Excluding images, repeat the data exactly as given.

Supplied material:
-- Opening Marker --
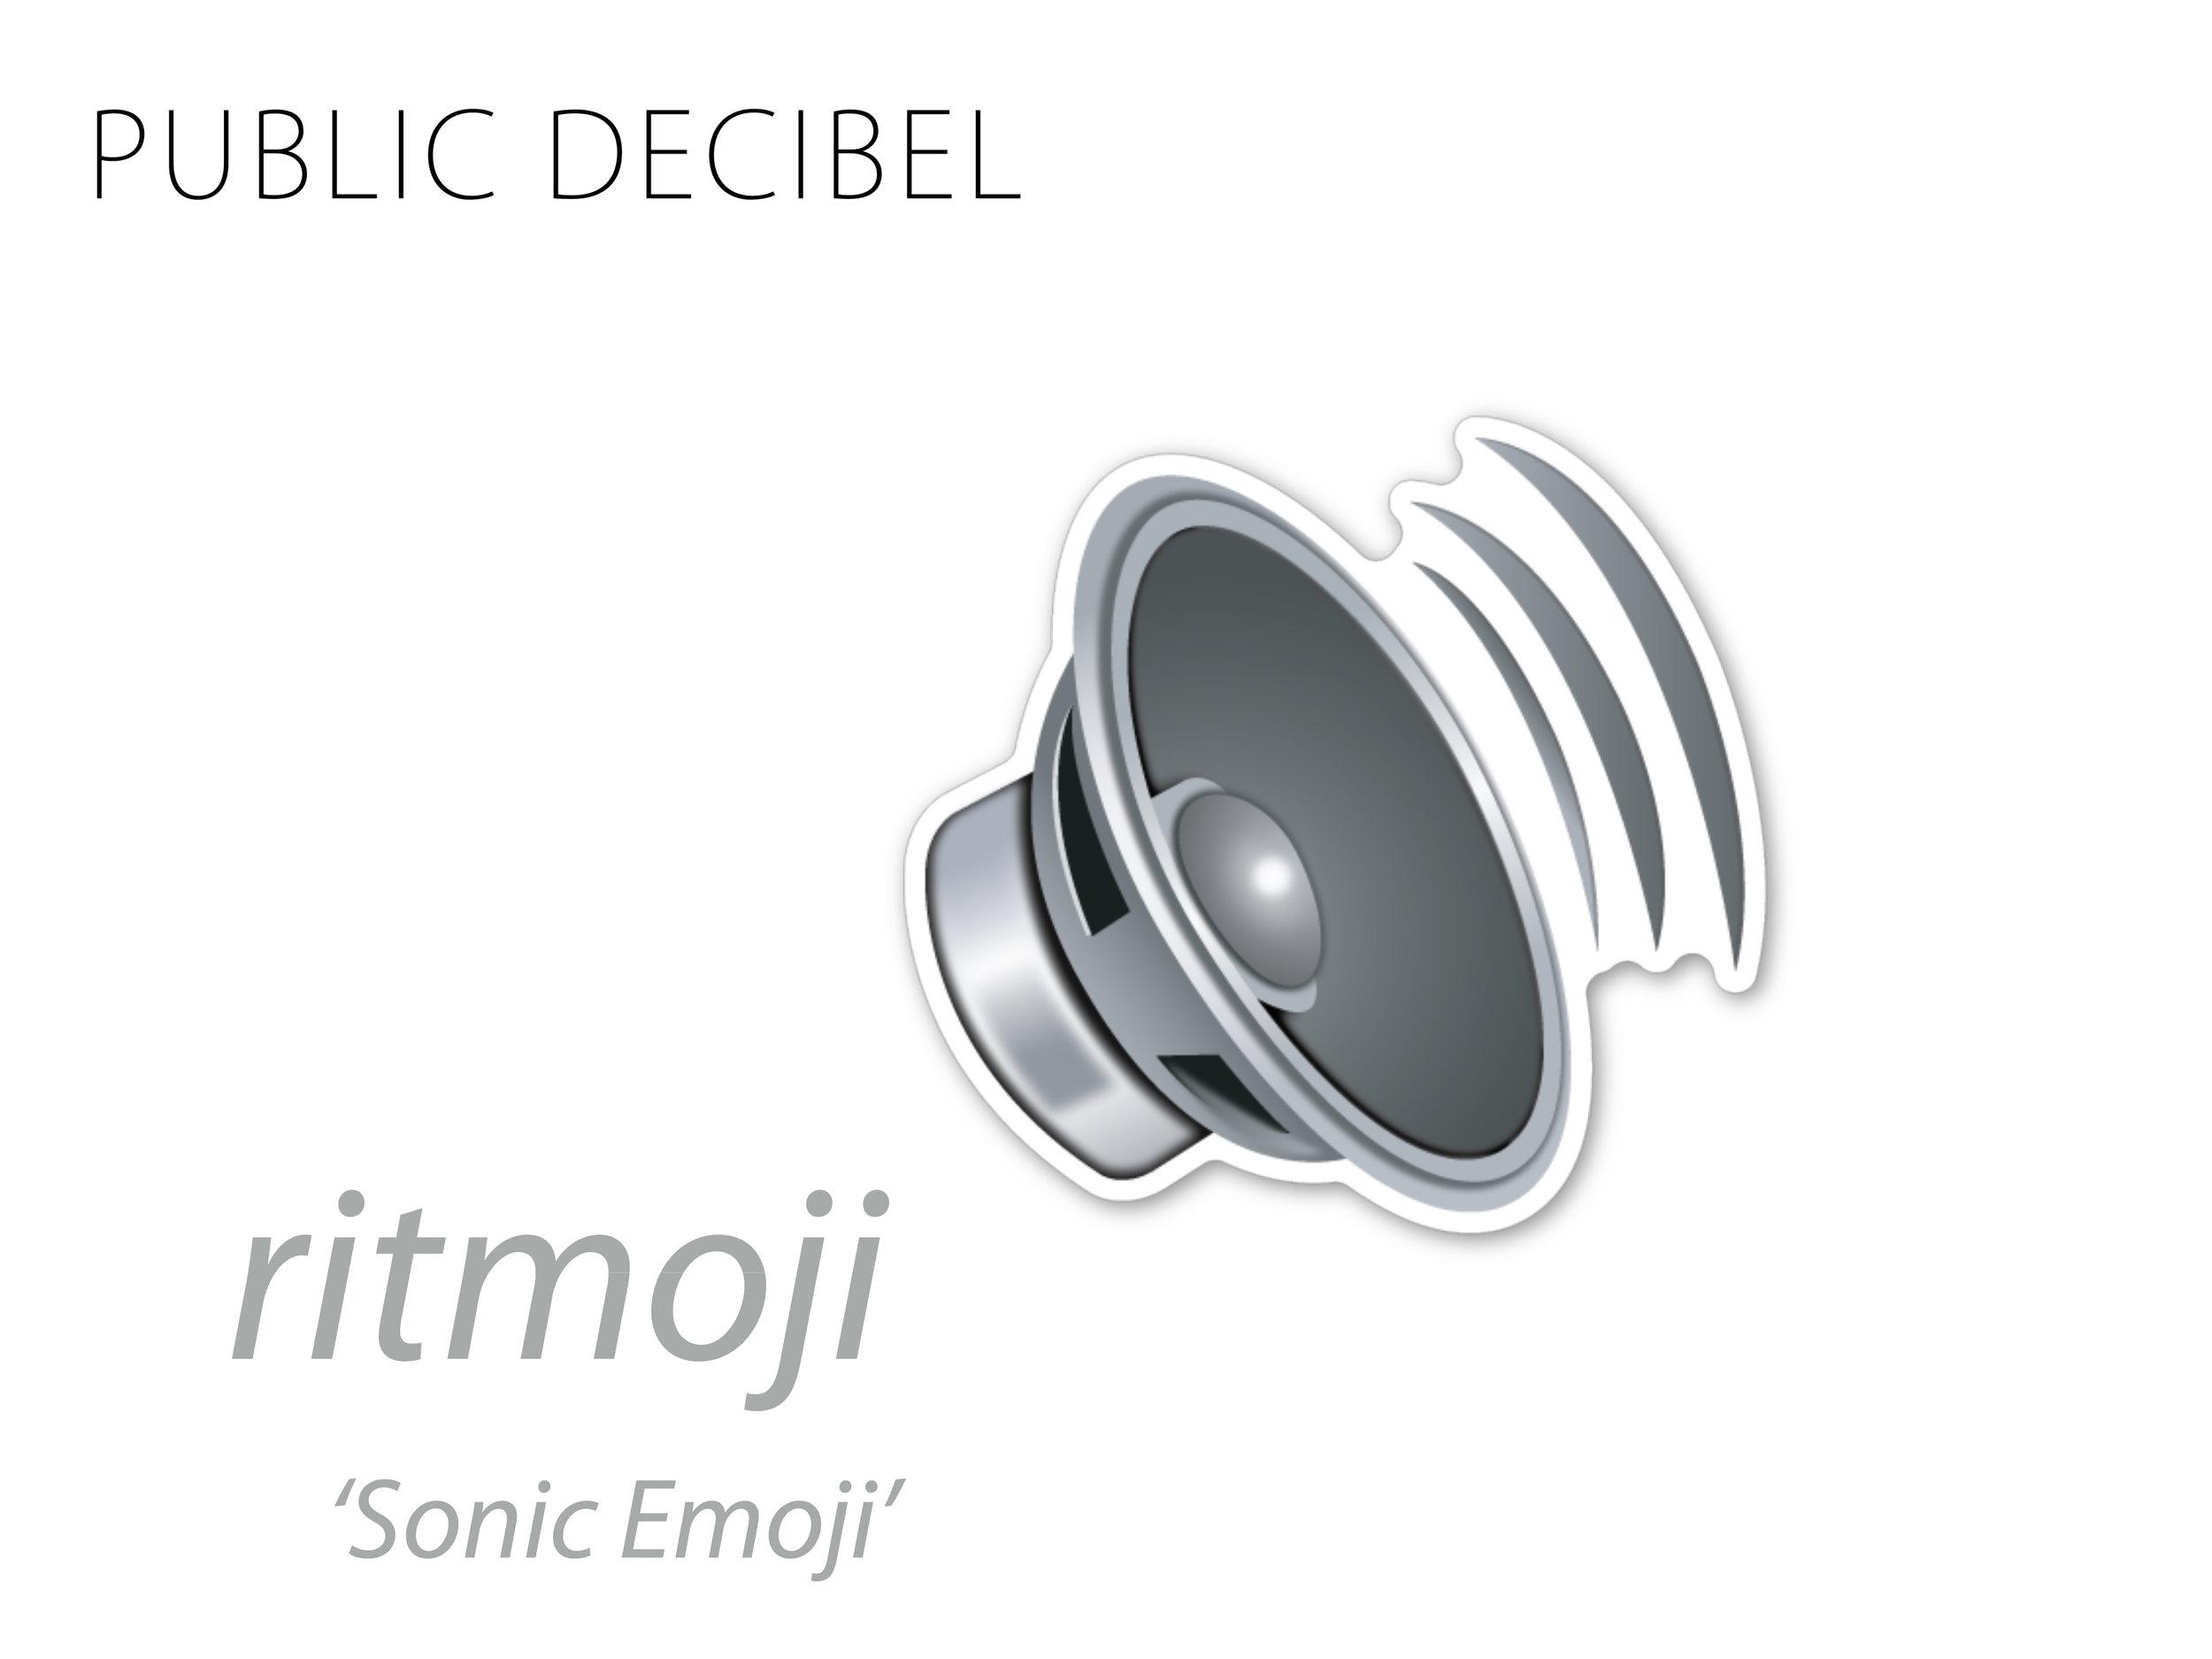 Public Decibel_Ritmoji-1.jpg
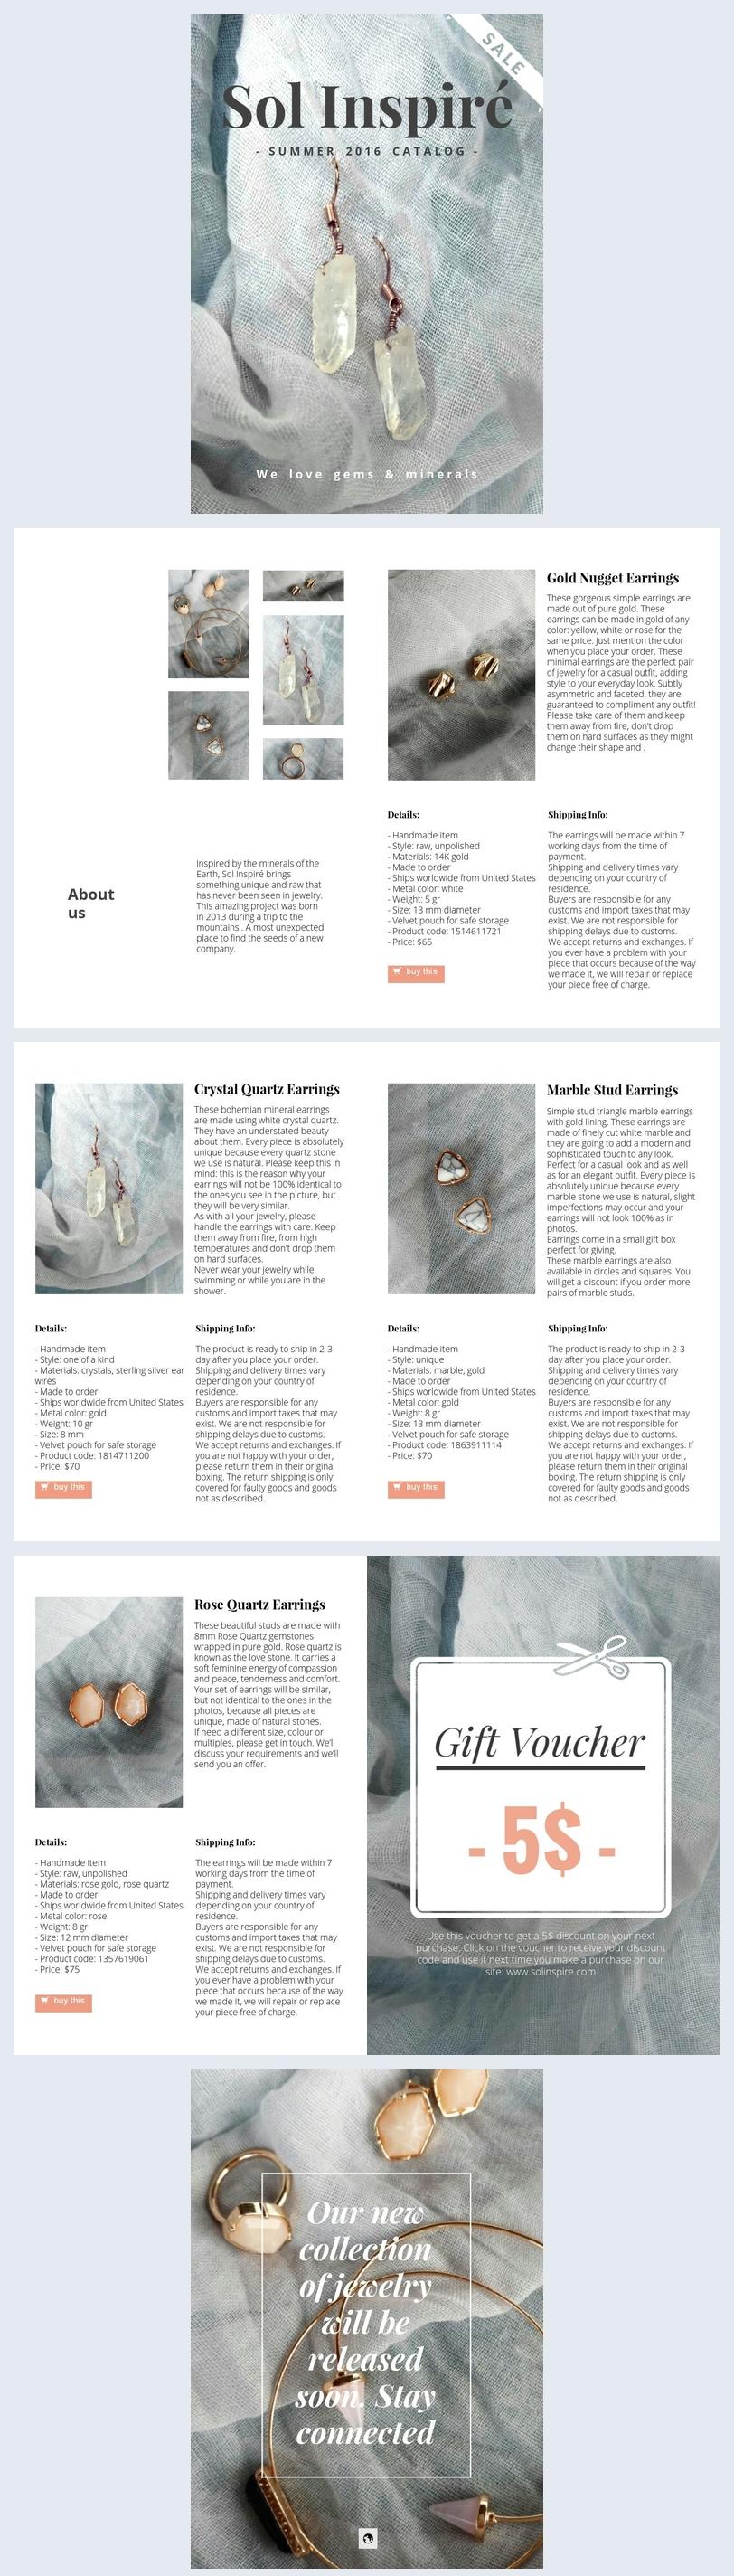 Accessories Catalog Design
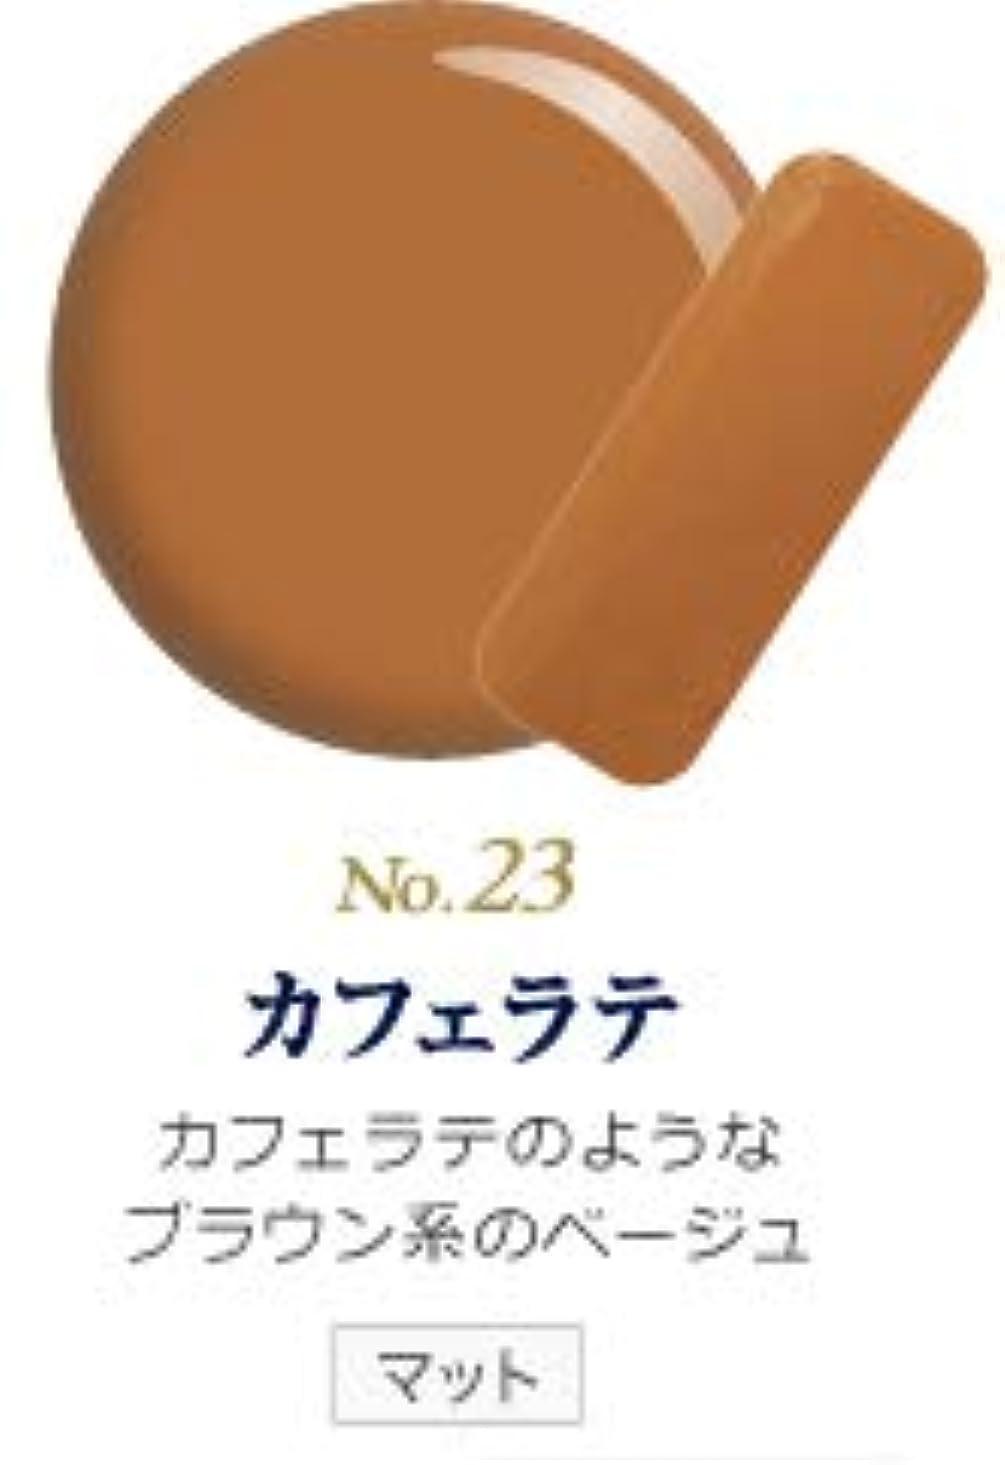 唯一出撃者組立カラージェル 発色抜群 削らなくてもオフが出来る 新グレースジェルカラーNo.11~No.209 (カフェラテ)
-- Closing Marker --
Answer space:
 Public Decibel_Ritmoji-1.jpg
 Accessories Catalog Design
 唯一出撃者組立カラージェル 発色抜群 削らなくてもオフが出来る 新グレースジェルカラーNo.11~No.209 (カフェラテ)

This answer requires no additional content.